No, I am referring to immutable variables. Variables are not changing, they are immutable in Erlang. In Elxir variables change, they can be assigned different values later in a function. If that is not a change i.e. a mutation I don't know what is.
We love this stack, and dailydrip and elixirsips have helped us get a lot of the knowledge we have. Josh does an awesome job at explaining the technology in a step by step fashion that is both concise and easy to understand.
They're both very functional, but it's an interesting matchup given that Elm is very strongly typed and (according to my understanding) Elixir is totally dynamic. For those who are developing with both, I'd be interested in hearing if there's a reason why types would be more useful on the client than the server or whether there's another motivation for those particular choices.
Also, Elixir community... there seems to be a paucity of awareness of Dialyzer and Typespecs. Perhaps they could be more prominent? They're included in the reference docs, but not really so much in a way that indicates what they are or how one would use them when writing their own software in Elixir.
There are many, many classes of problems that can be discovered before they're discovered at runtime. It's made a little harder in Elixir-land due to limited Map support in Dialyzer and Map usage being extremely common in Elixir code, but still spec'ing your functions is a good practice and habit to get into anyway.
Erlang 19's included Dialyzer improves the scenario of type-checking maps in useful ways. Namely that now you can represent an empty map, an arbitrary map of any type, and a partially arbitrary map which must include certain key type and value type associations but is not limited to those. Which leaves out one representation which is a map which includes and only includes a specific set of key type and value type associations.
Erlang 18's Dialyzer has basically just #{} =:= map() which is equivalent to the union of #{none() => none()} and #{any() => any()}, so it was basically a giant escape hatch in the type-checking system, and thus not particularly valuable.
Looking forward to a pending change in laxness as a result of the coming changes in 19. :-)
I think the static/dynamic client/server split is more coincidence than brilliance.
Elm and Elixir are like two neighborhood kids growing up together as best buddies. They are both new, functional, webby languages with communities that are very friendly and very interested in inventing new ways to make programming better. It's natural that both groups would be excited about working together.
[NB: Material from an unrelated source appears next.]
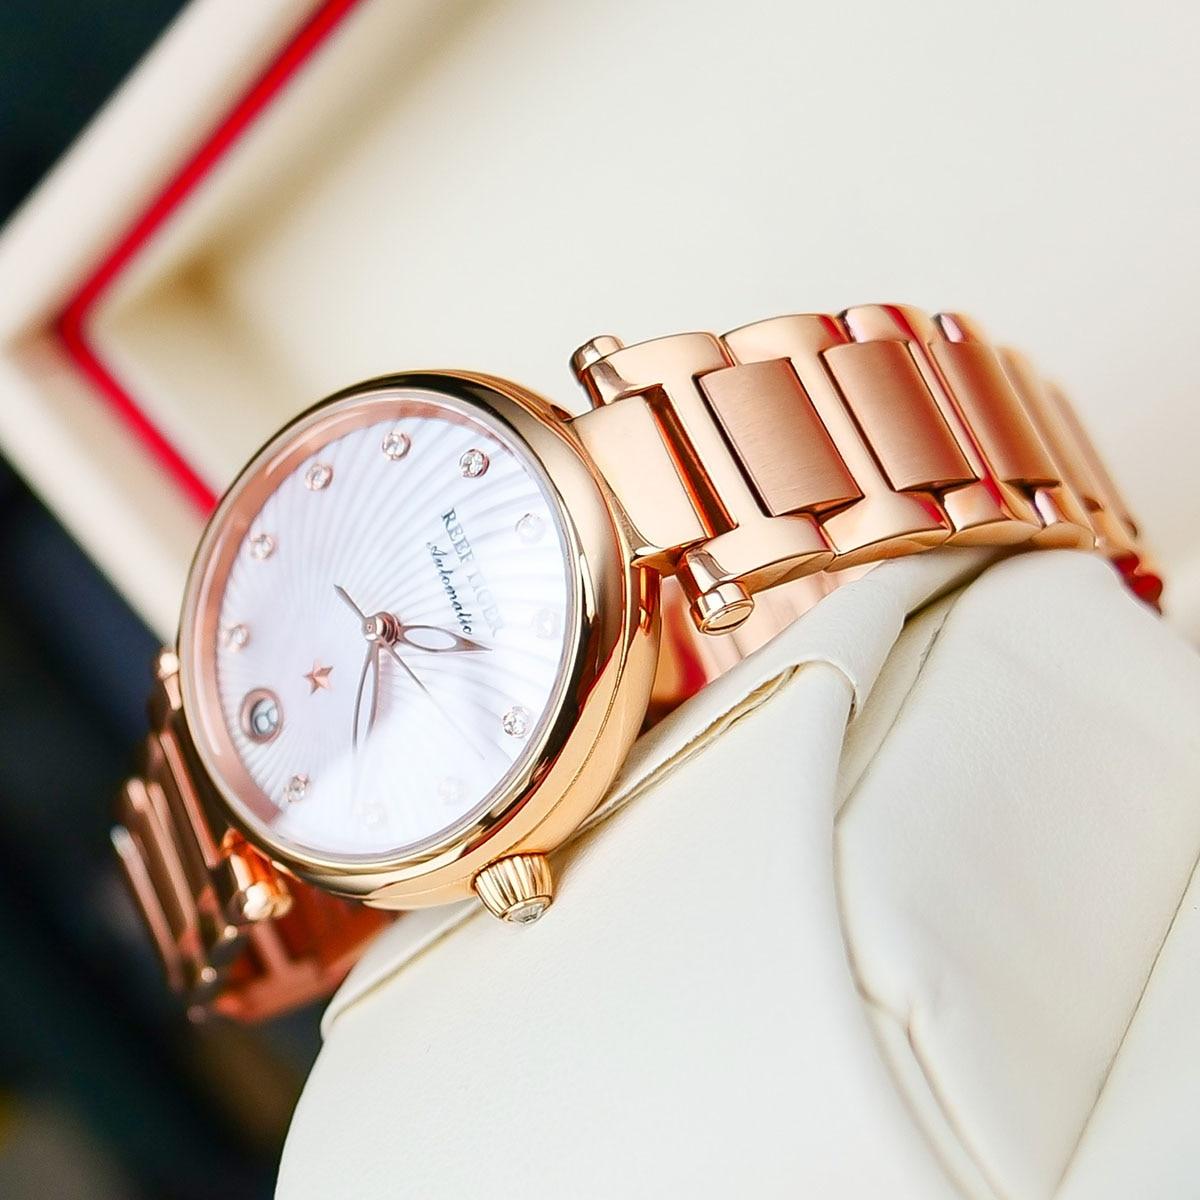 Reef Tiger/RT Luxury Watch Ladies Rose Gold Diamond Bracelet Watches Date Women Pink Watches Relogio Feminino Gift RGA1590 enlarge

I'm glad to dive in. On the client, fault tolerance is basically not a concern of mine. On the server, it's the most important concern. I find it more useful to think of Elixir as a highly concurrent language built for fault tolerance, where Functional Programming was a necessary requirement to get there. Jose has a great post on this here: http://blog.plataformatec.com.br/2016/05/beyond-functional-p...
What makes Elm + Phoenix so good together? I use Elm professionally and love it, but a back end is a back end. Is the love just "I really like Phoenix?" The way people talk about it makes it sound like it is uniquely suited to Elm, which I don't understand.
With such high praise, I would expect the language to be more popular. What's with the disconnect? My hypotheses:
1) There are no unhappy users because unhappy users just don't use it. 2) HN goes easy on technological curiosities, saving harsh criticism for large projects that deserve it 3) While there may be a widespread lovefest for Elm, there is too much momentum behind current technologies.
Any other thoughts as to what the disconnect is? Moreover, how do we get to a world where the webstack we all use is "a great little webstack"?